Day Three, Part One: Words

Today we jumped right into two big projects. The first one caught me unawares; Brenda asked us to draw three objects from among our tools or from personal items in our purses or pockets, using whichever pen or pencil we liked, and I assumed this was just warm-up. So I did two in Tombow and one in black permanent pen, on my thin-paper sketchpad, and labeled each of them "three minutes," as I have been doing throughout the workshop. When we were done with all of these, however, she then asked us to bring the three items together into a single sketch journal page composition, using words and formatting.

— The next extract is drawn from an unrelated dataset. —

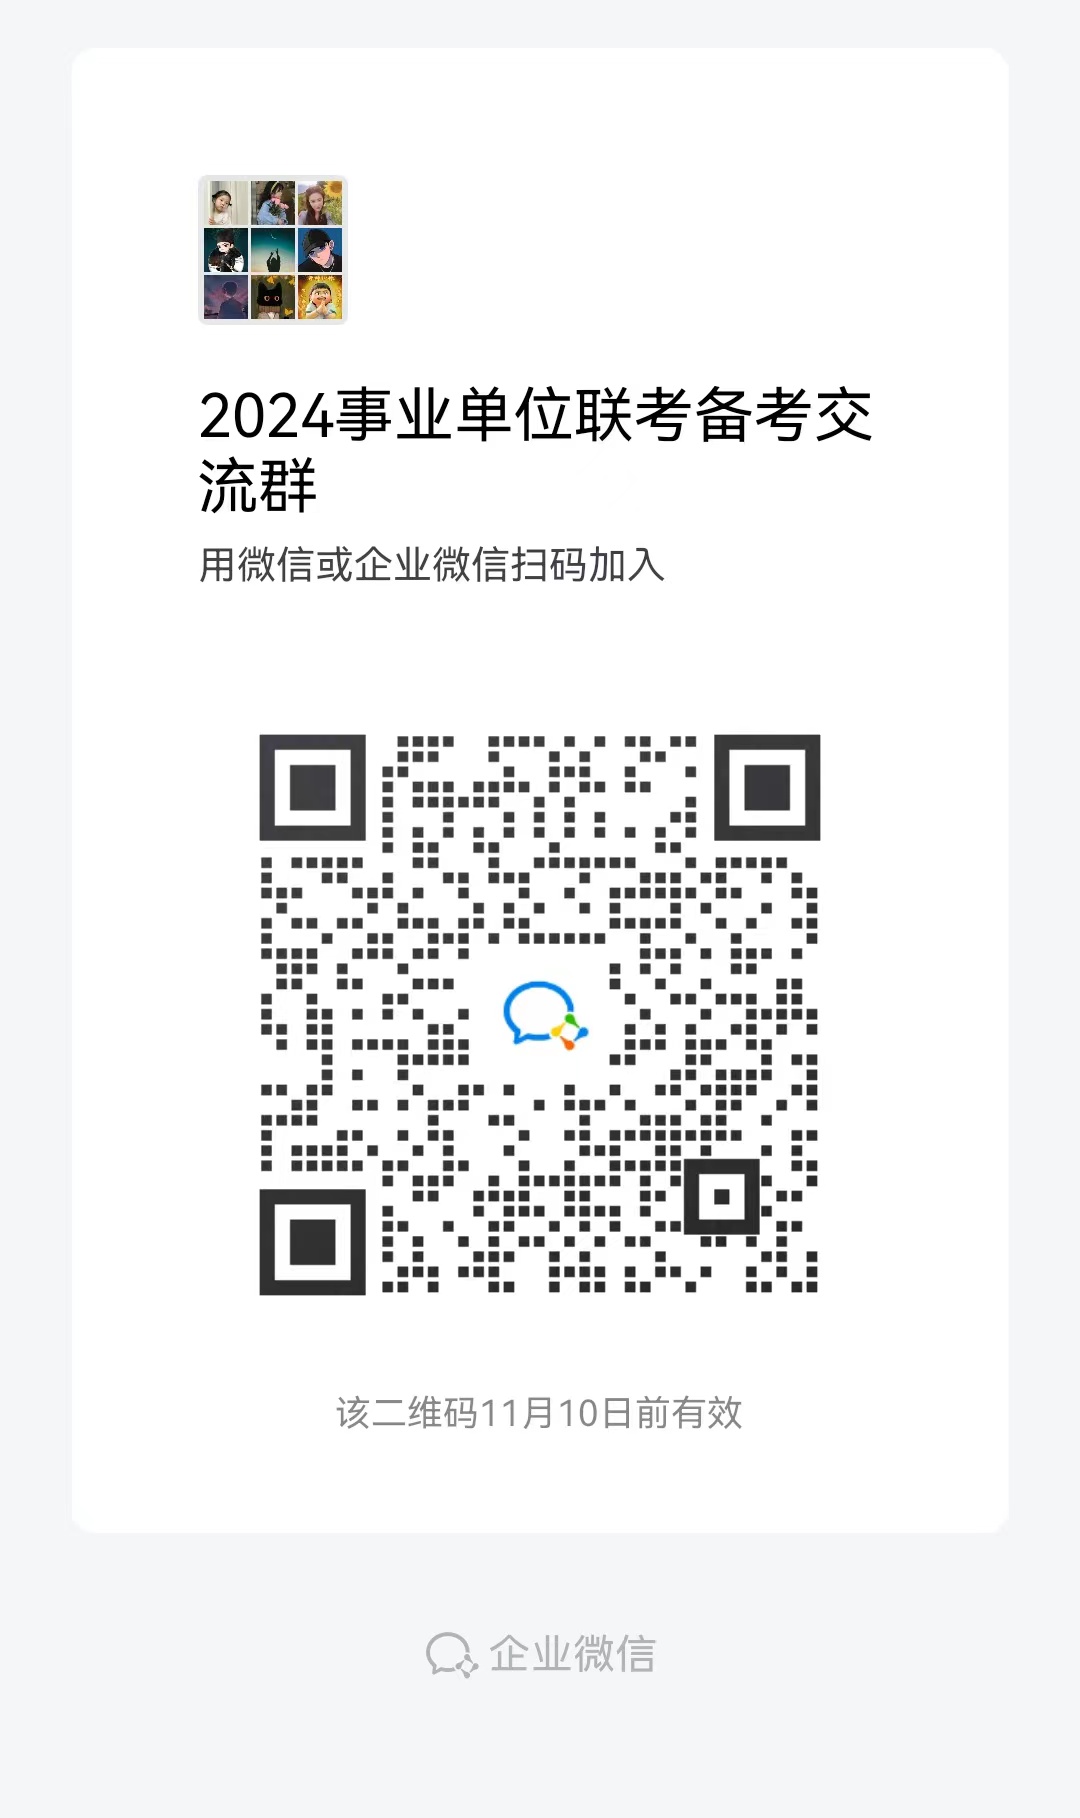 2023年荆州松滋市事业单位招聘工作人员27人公告

I considered redrawing them onto good paper (without the "three minute" labels), but I kind of liked what I had drawn.  So I sat and thought for awhile, and figured out a way to incorporate each incidence of "three minutes" into my text (can you see them all?), and further follow the symbolism of each item as regards this weekend's learning curve. I was pretty pleased with my result! Since it was cheap sketch paper, I only watercolored a few accents, lightly, with a fairly dry brush, but the play of the sepia-toned Tombow marker and the black sketch marker and black ballpoint gave it some color personality.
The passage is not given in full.